DaVita was founded in 1994, employs almost 70,000 people worldwide, generates just under $12 billion in annual revenue, and trades with a market cap of $8.5 billion.

Growth Prospects

We see growth prospects as robust for DaVita in the years to come. The company has grown enormously in recent years, having almost tripled earnings-per-share from 2018 to 2021. The company has seen two primary drivers of strong growth in the past.

First, the company buys back a lot of its own shares, which reduces the denominator of the earnings-per-share equation. We’ll discuss that more in a bit.

Second, DaVita has transformed its business over time, including the sizable divestiture of its DaVita Physicians Group in 2019. That means that the company’s discontinued operations gradually reduced earnings less and less over time, helping to generate strong growth. We do not expect this to be a meaningful tailwind going forward.

Source: Investor Presentation, page 59

However, what we do see as tailwinds going forward are revenue growth, as well as share repurchases. We project 4% to 5% top-line growth in the years to come, stemming from steady patient growth, and gradual price increases.

We see the potential for very strong share repurchase activity driving at least a mid-single-digit tailwind, but in some years it is much more than that, as seen above. In total, we see 12% earnings-per-share growth in the years to come, particularly since this year’s base of earnings is low relative to 2021.

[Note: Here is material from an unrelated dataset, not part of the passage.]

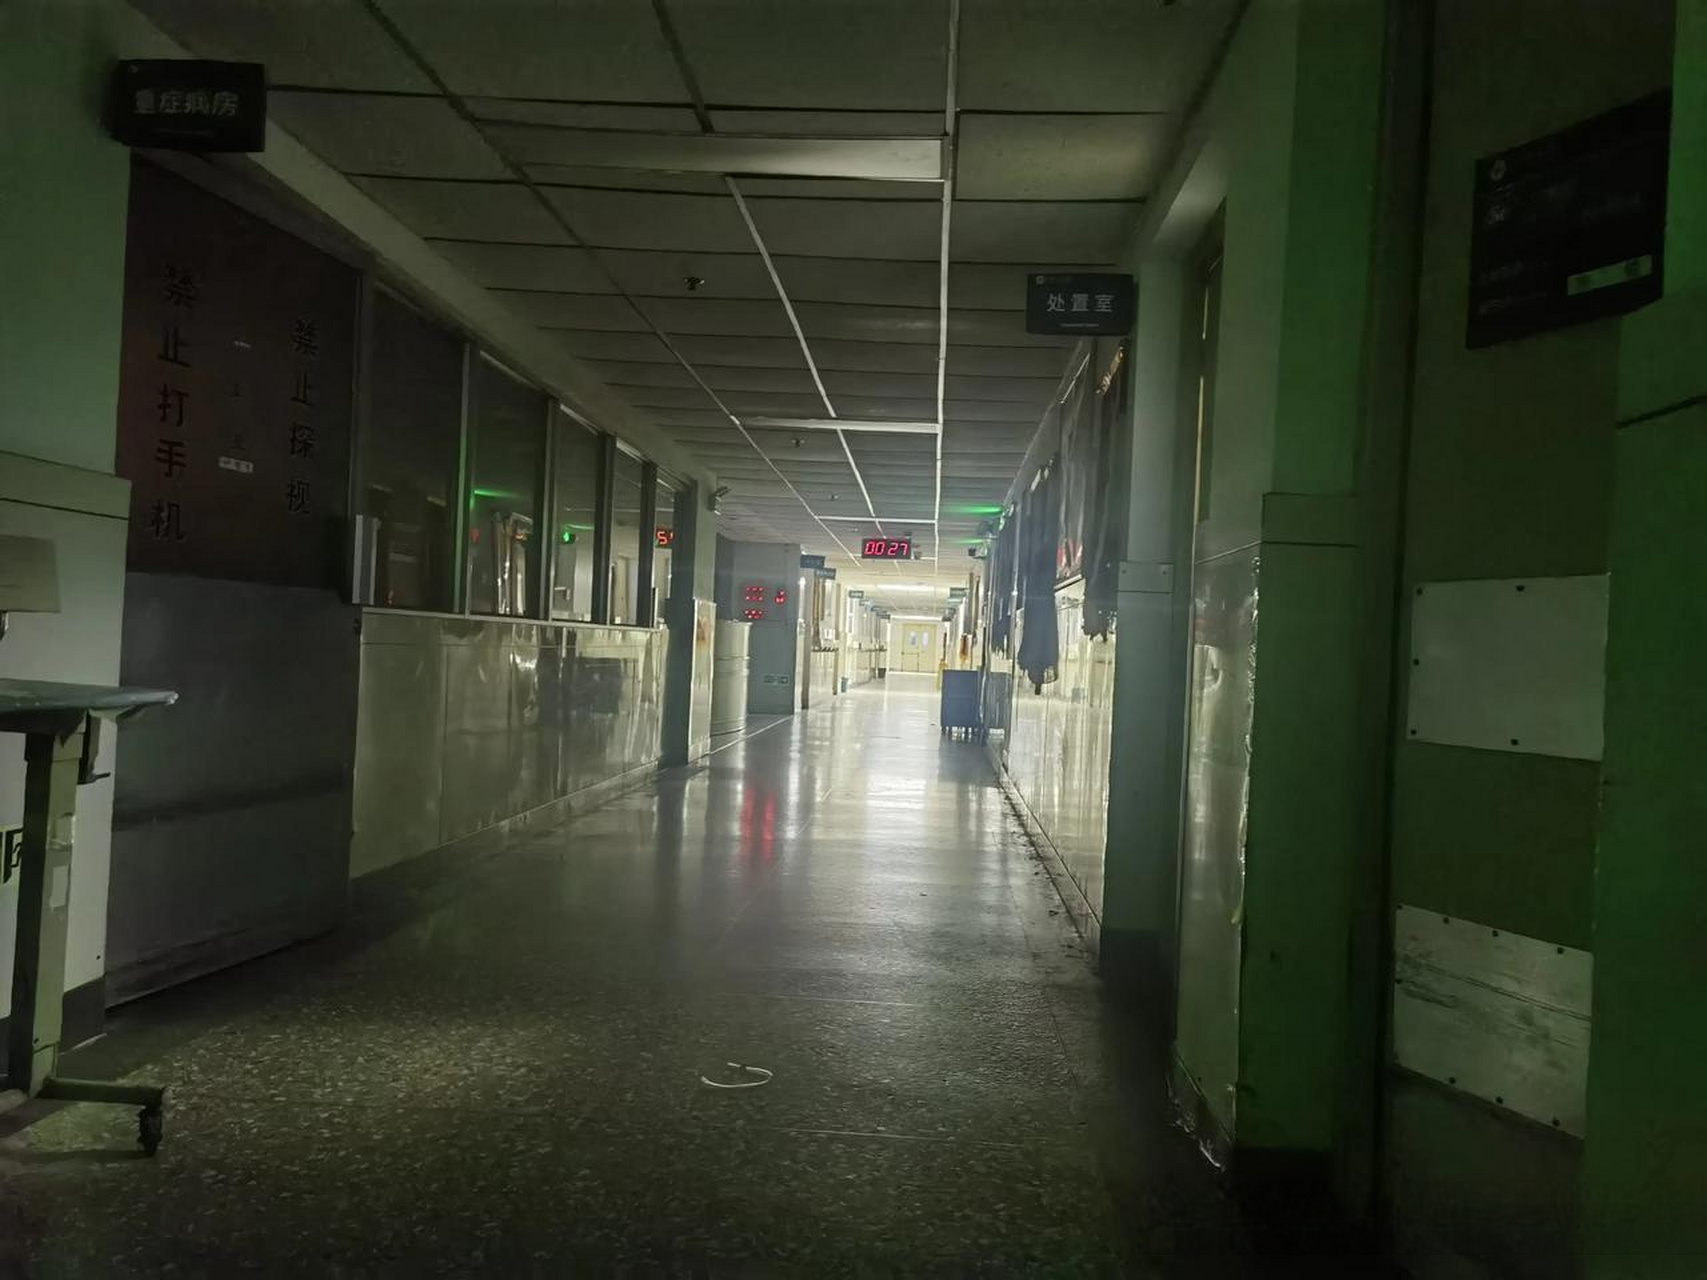 这是凌晨一点钟医院病房的走廊,母亲睡在病床,我陪护着,自己睡在临时

Competitive Advantages & Recession Performance

DaVita offers largely the same care that patients can get at a variety of treatment centers, hospitals, physicians’ offices, etc. However, what DaVita has is enormous scale, a global footprint, and significant technology and analytics spending that helps it drive better outcomes for patients. DaVita is one of the largest players in this niche of healthcare, and we think it stands a very good chance of remaining as such for many years to come.

Recessions should be okay for DaVita considering it offers only medically necessary treatments. Like other healthcare companies that can not only survive, but thrive during recessions, we see DaVita as having reasonably favorable earnings stability during downturns. We don’t believe revenue would be materially impacted by a recession but note the multiple investors would be willing to pay for the stock might.

Valuation & Expected Returns

We place fair value for DaVita at 14 times earnings, which is based on how the stock has been valued in recent years. However, the recent selloff in the stock has the valuation at just 10 times earnings, which is not only well below our estimate of fair value, but is one of the lowest valuations the stock has ever seen. Thus, we believe a significant portion of total returns will be driven by a 6%+ tailwind from a rising earnings multiple.

DaVita does not pay a dividend to shareholders, but when we combine the valuation tailwind and our projected growth rate of 12%, we see outstanding high-teens total return potential annually in the years to come. This puts DaVita firmly into ‘buy’ territory based upon total return potential of nearly 20% annually, as shares trade for just 74% of fair value today.

Final Thoughts

While we’d prefer if DaVita returned cash to shareholders via dividends, we also respect that the company has managed to drastically shrink the float in recent years through share repurchases. We see that as a significant driver of growth in the years ahead, along with modest revenue growth. With Berkshire owning nearly two out of every five shares, we think the case for owning DaVita at current levels is convincing, even without the benefit of a dividend.